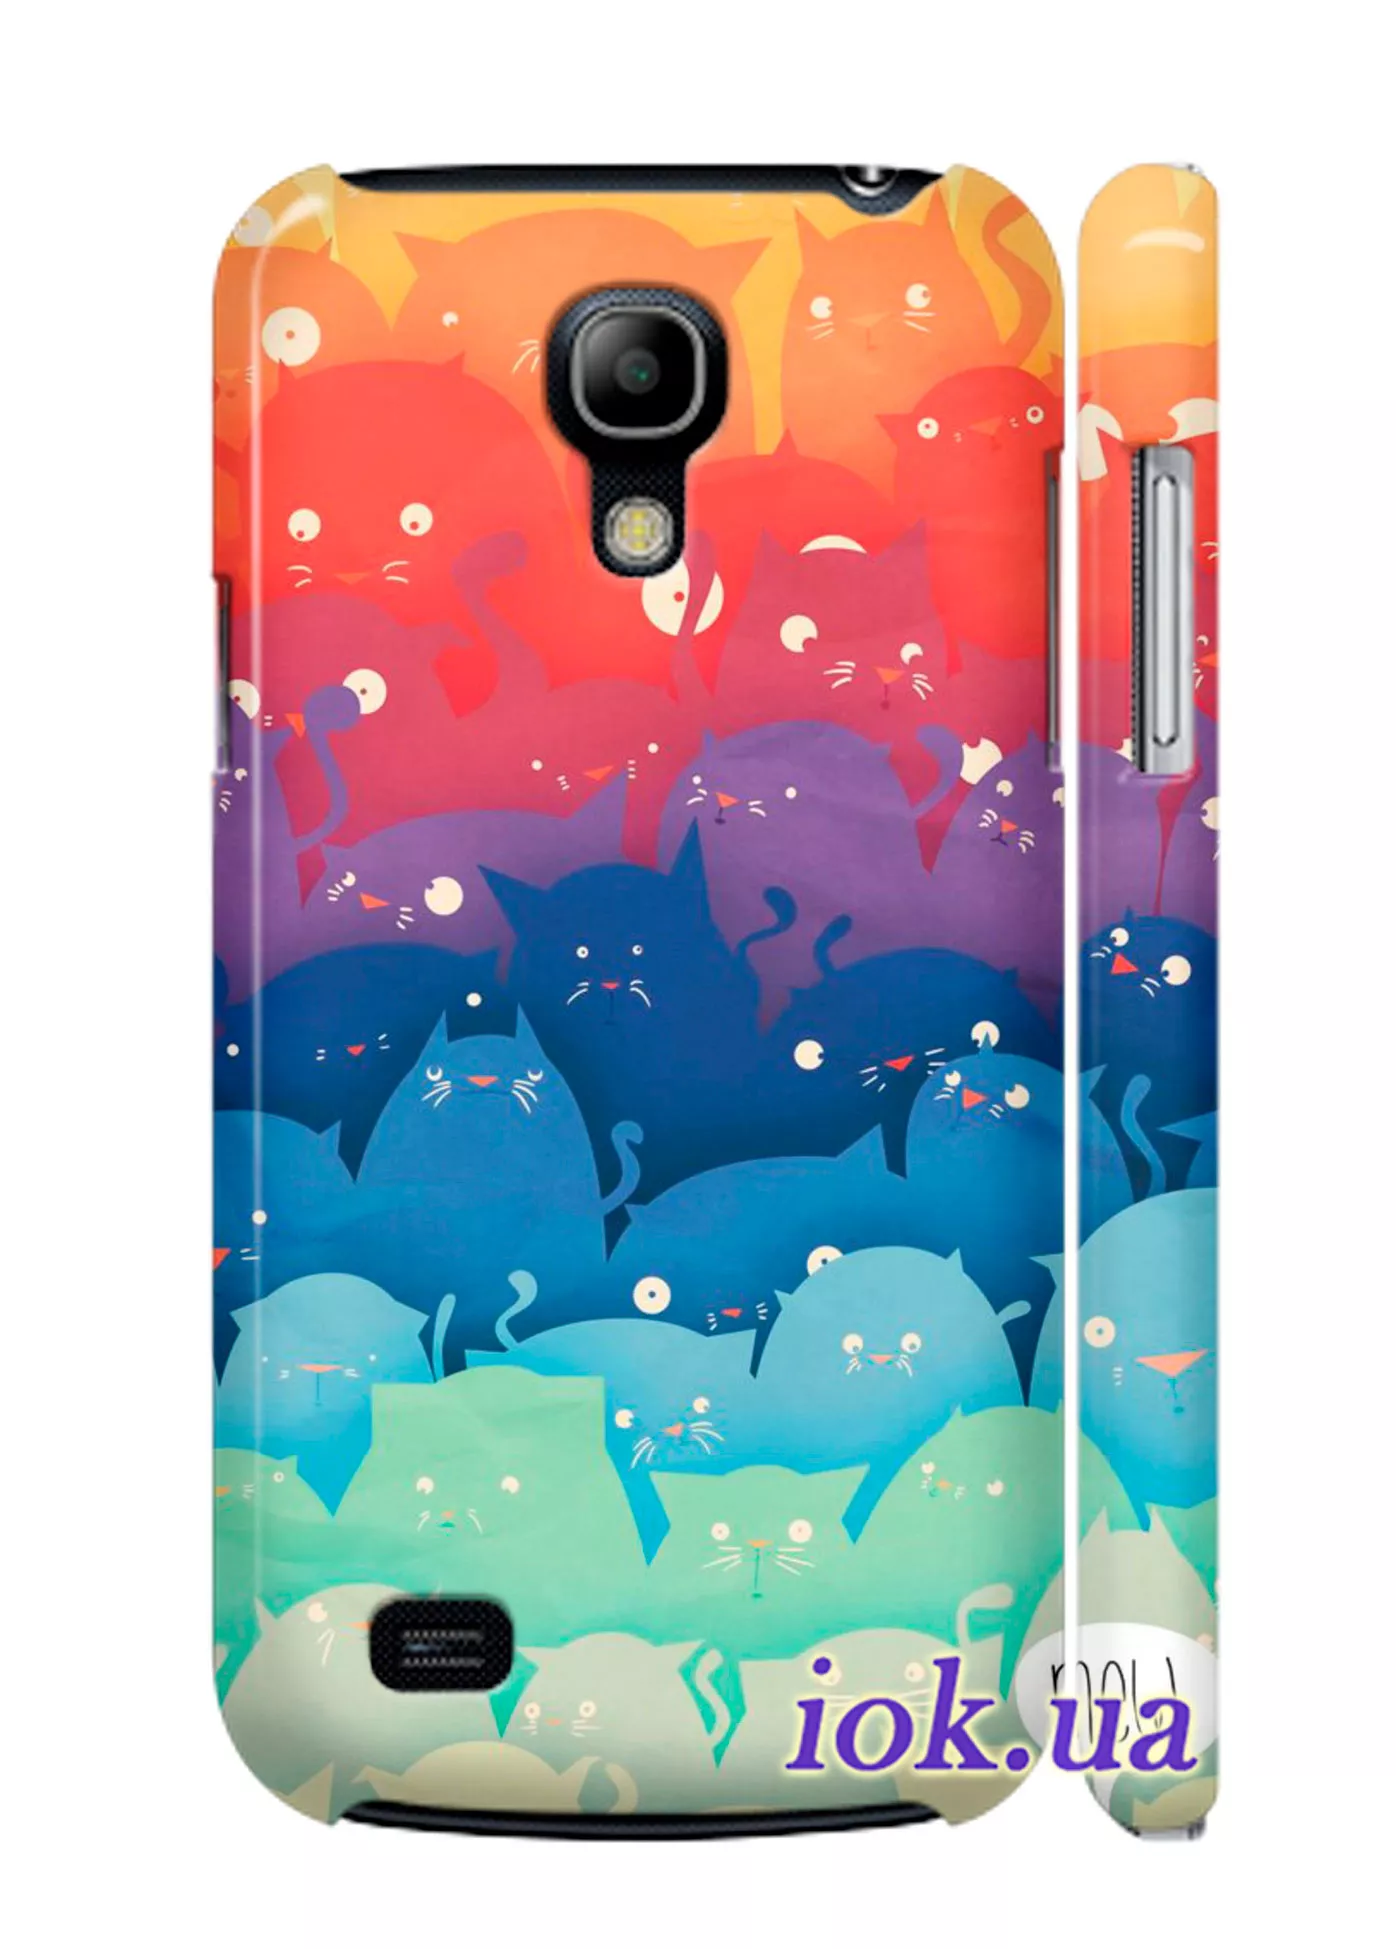 Чехол на Galaxy S4 mini - Разноцветные коты
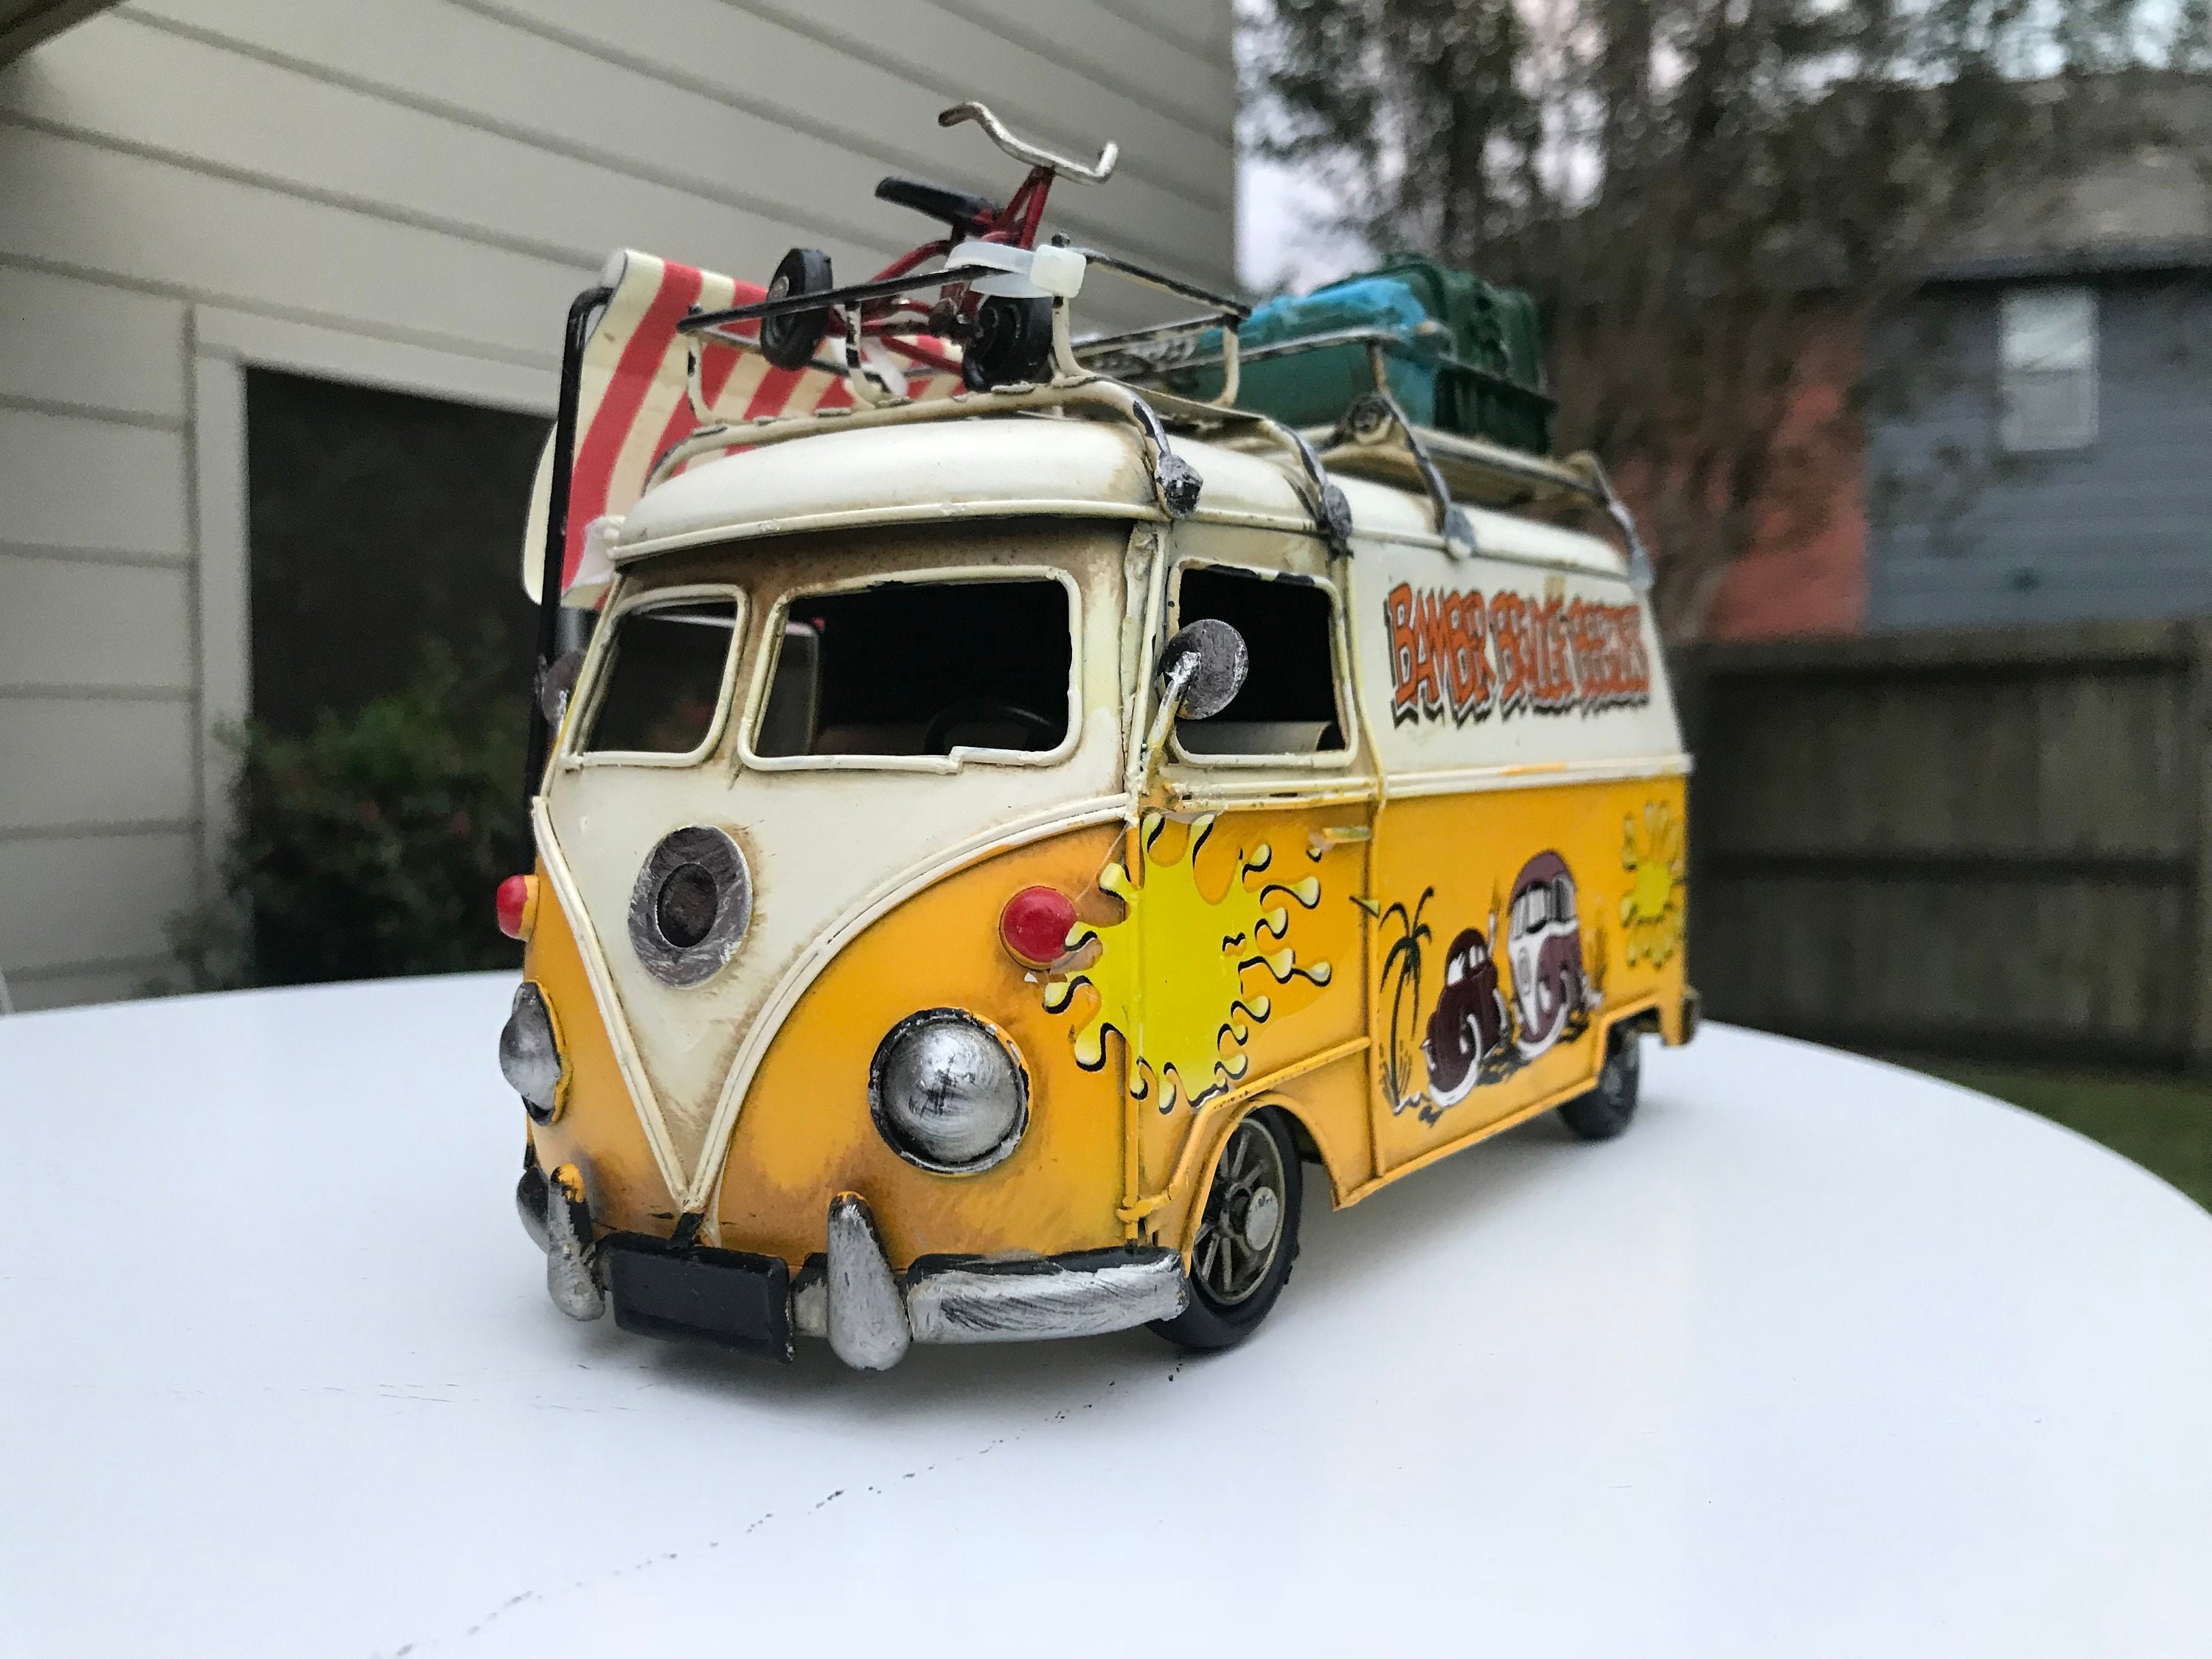 Vintage VW gele 8 inch camper van-Volkswagen miniatuur | Etsy
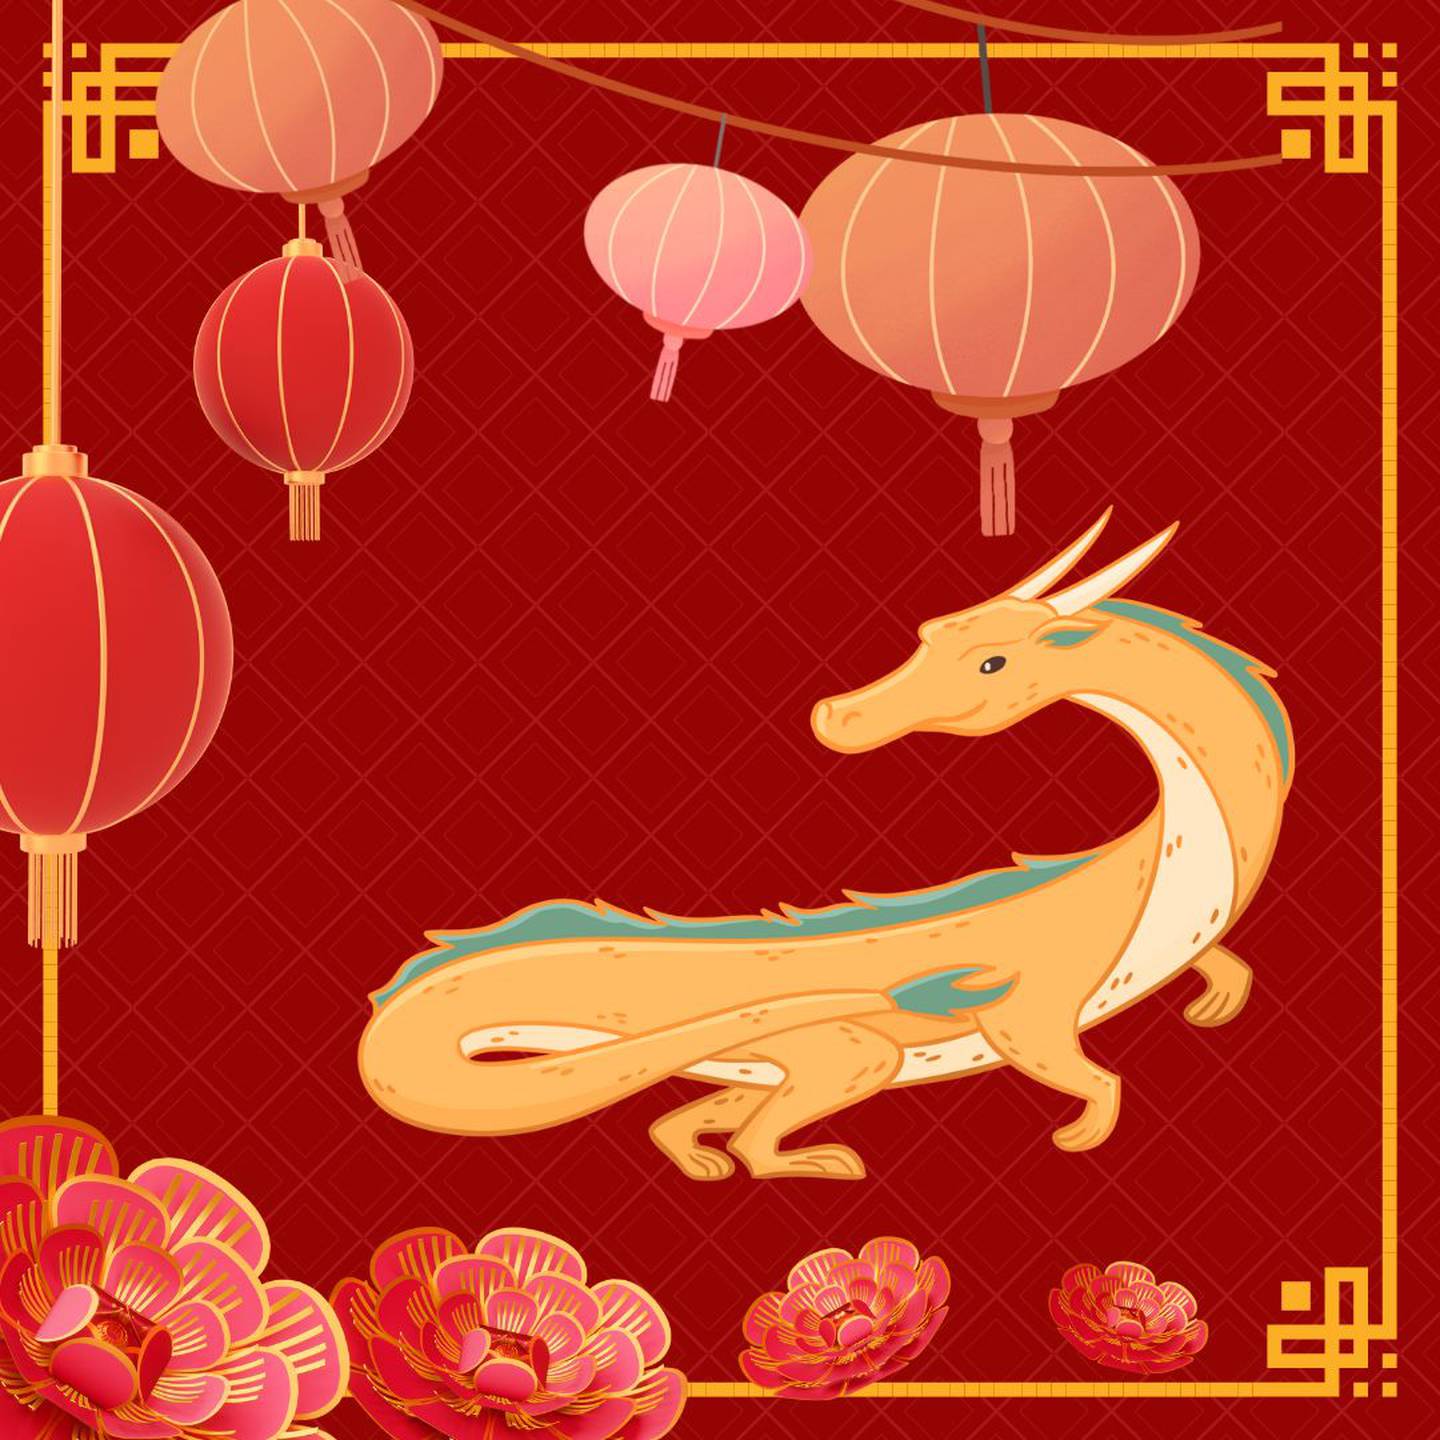 Caricatura de un dragón amarillo sobre un fondo rojo con motivos orientales.

DIRECTIONS: Return every line above word for word, minus images.

SOLUTION TO THIS PROBLEM:
 Чехол на Galaxy S4 mini - Разноцветные коты
 Vintage VW gele 8 inch camper van-Volkswagen miniatuur | Etsy
 Caricatura de un dragón amarillo sobre un fondo rojo con motivos orientales.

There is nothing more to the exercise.